What bank holiday? Up to one third of British employees will be working tomorrow. And the "workaholics" will not be highly paid City brokers and company bosses - the majority being forced to give up their August bank holiday and a rare three-day weekend will be ordinary staff members.

According to figures from the Labour Force Survey, 7,600,000 workers, about 31.5 per cent of all employees, are forced to work at least one bank holiday during the year.

This weekend, as thousands of Britons went abroad to escape the rain, thousands of nurses, train and bus drivers and security staff, as well as the police and the armed forces stayed on duty. They make up the "essential" services. But also staying put were 20 per cent of the country's construction workers, 25 per cent of manufacturing workers, 35 per cent of machine operators and 40 per cent of retail staff.

Not only are these employees asked to work, many are penalised if they don't, according to the survey which finds that sales staff and hotel workers are likely to have their pay docked if they refuse to work public holidays.

But John Edmonds, the general secretary of the GMB trade union, is asking employers to honour the bank holiday. "It's time for bosses to give their employees a break.

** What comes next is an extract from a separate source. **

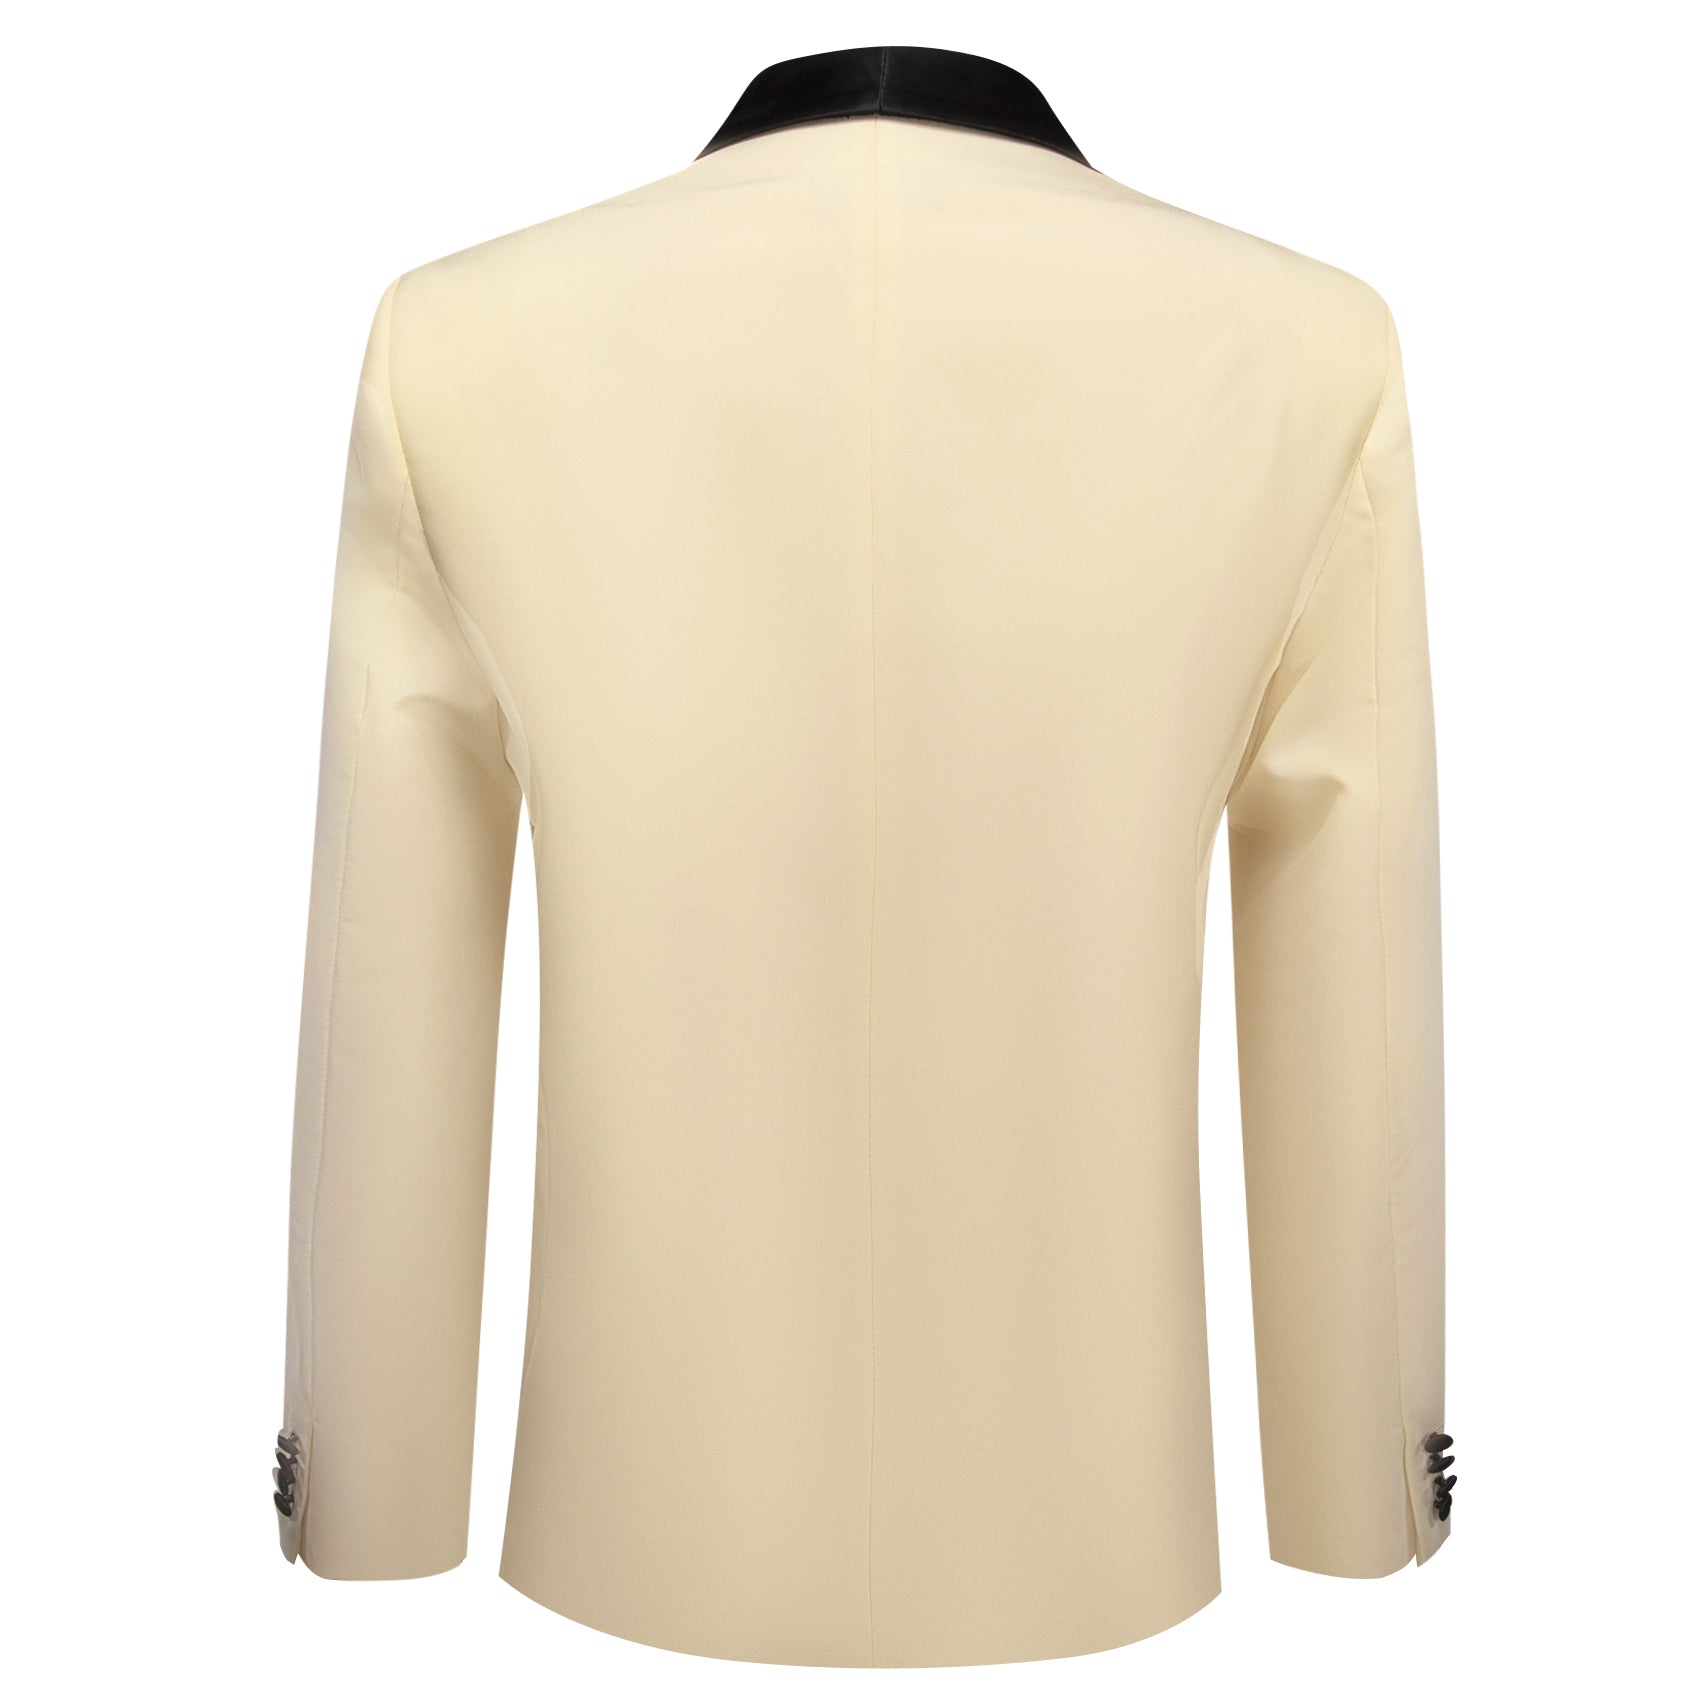 Men's Dress Vanilla Solid Suit Jacket Slim One Button Stylish Blazer

Millions are finding themselves press-ganged into working throughout the holiday, under pain of losing vital income."

Diana Pidwell, a practising psychologist, in Blackpool, Lancashire, said employers were not likely to get the best from their staff by forcing them to work on bank holidays. "People are much more likely to work happily and produce a good day's work if they feel they are considered and asked their opinion and they are not feeling they have got to work - or else," she said.

In the past, factories would often close early on the holiday Friday to ease the exodus from the towns to the seaside. Resorts, from Clacton to Blackpool, would fill up on the Friday night and do a roaring trade until Monday evening, when all would return home at the same time, clogging the roads and making the lead on the early evening news bulletins.

The idea of the bank holiday was that business, especially the City, was supposed to co-operate: if the banks closed, business had to follow suit. But today Britain never really closes. Britons work more hours each day that most other Europeans and have the fewest number of public holidays in the EU.